A la suite des affirmations apostoliques, les Pères de l'Eglise ont toujours considéré que l'Eglise est une union des hommes au Corps du Christ ressuscité, notamment par la participation à l'eucharistie. Elle est le lieu de la communion, de la koinônia, ce terme grec qui désigne la situation de quelqu'un qui a part avec d'autres à quelque chose.

 

La Koinônia, c'est premièrement l'union personnelle que les croyants ont avec le Christ Jésus; c'est aussi la communauté des biens qui sont propres à toute la communauté chrétienne: la foi, le corps et le sang du Christ; c'est encore la communauté que les fidèles peuvent former entre eux par une même communion au Christ et aux biens que celui-ci leur donne par sa grâce.

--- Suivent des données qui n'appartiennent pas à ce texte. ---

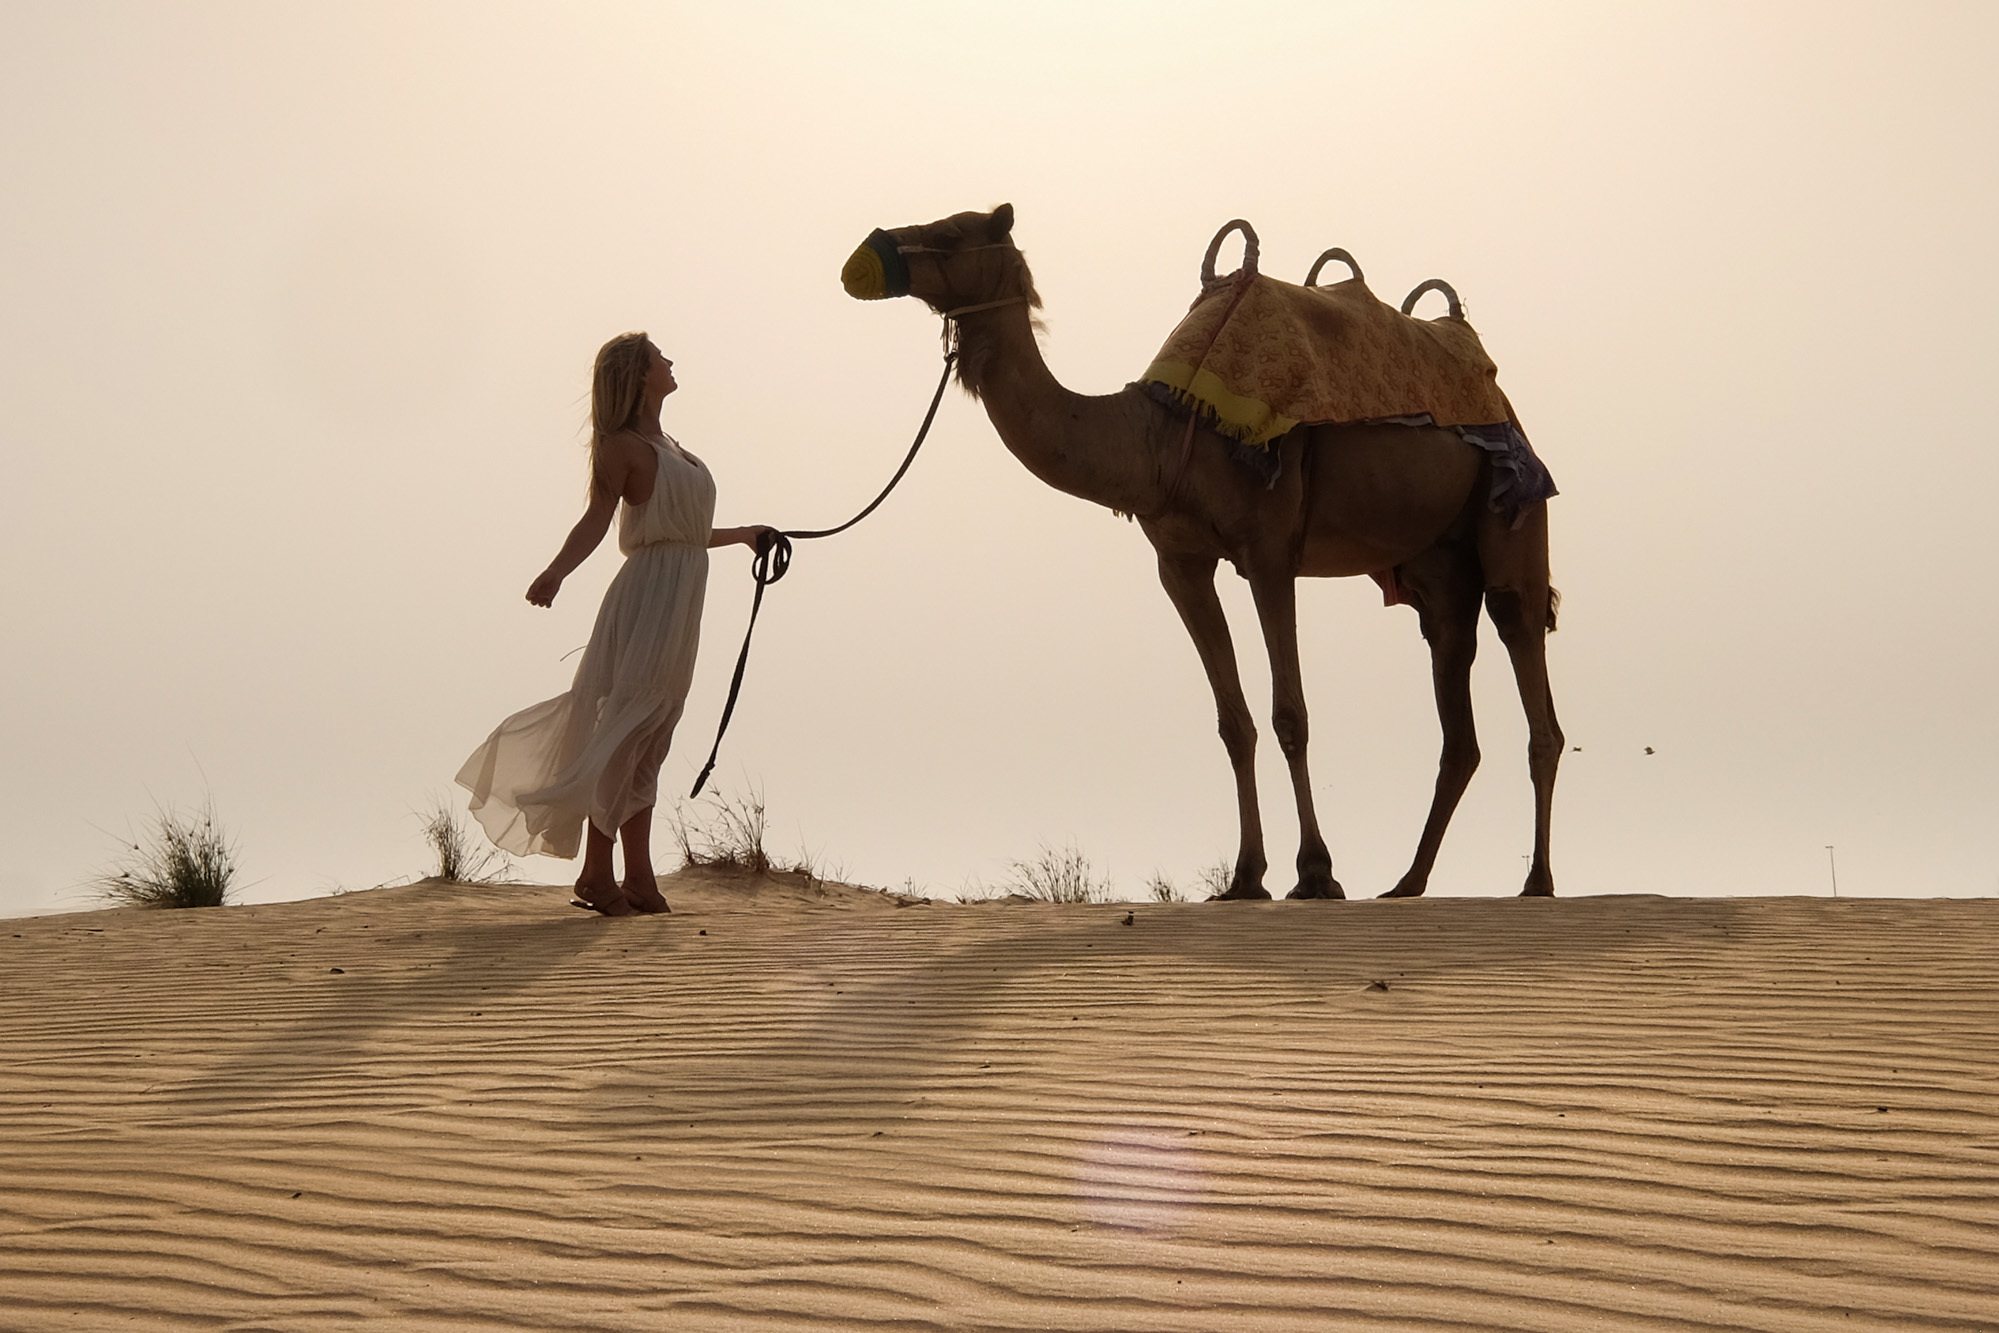 UAE Solo Female Travel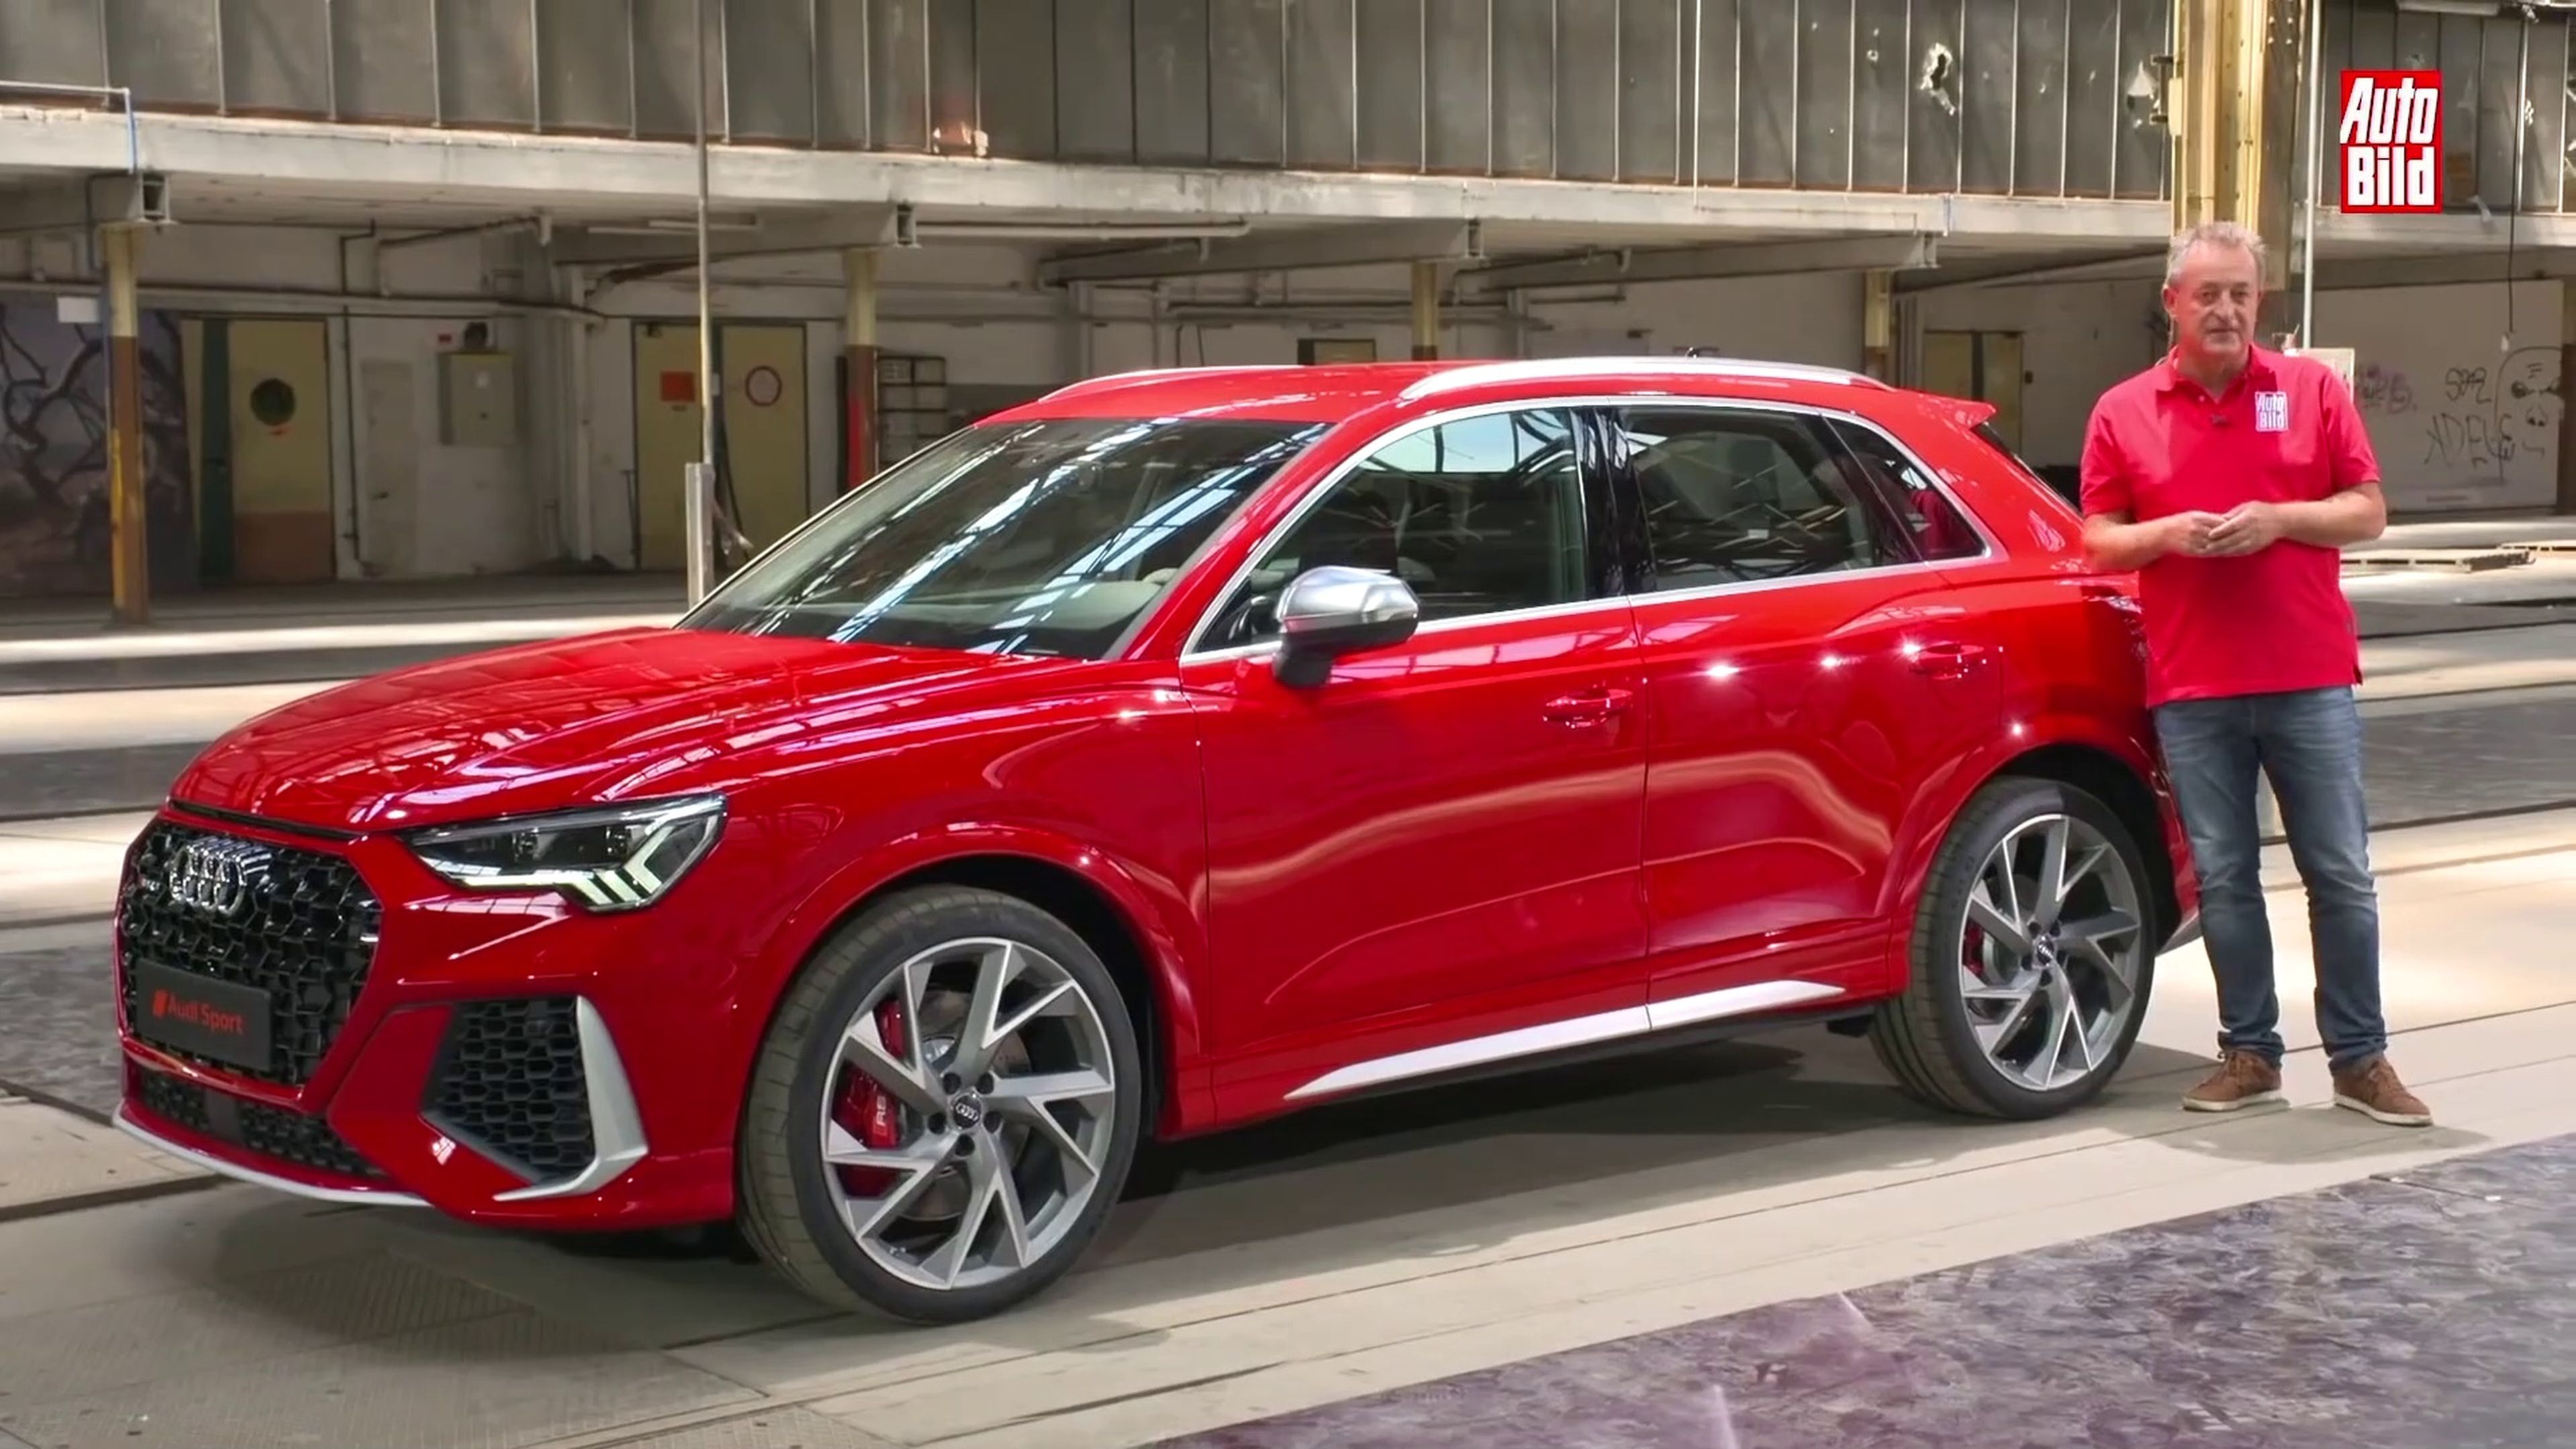 VÍDEO: Audi RSQ3 2020, así es el modelo final de serie

La communion apparaît ainsi comme le fondement même de toute l'existence chrétienne.

 

Les fidèles, entrant en partage avec Dieu par Jésus-Christ, entrent en communion les uns avec les autres, par celui qui les institue comme enfants de Dieu, comme ayant part à sa propre condition de Fils. Le signe de la communion est l'Eucharistie célébrée ensemble pour chacun et pour tous. L'eucharistie est le sacrement des sacrements, et l'Eglise est véritablement la koinônia eucharistique, célébrée en mémoire du Seigneur depuis la résurrection du Christ jusqu'à son retour dans la gloire à la Parousie.

 

Les pères considèrent que la qualité de membre de l'Eglise appartient à celui qui participe à la communion eucharistique, aussi pour ceux qui s'éloignent de la communion de la foi orthodoxe ou qui violent les règles de la paix ecclésiale par leur comportement subissent l'excommunication qui entraîne explicitement la privation d'une telle participation.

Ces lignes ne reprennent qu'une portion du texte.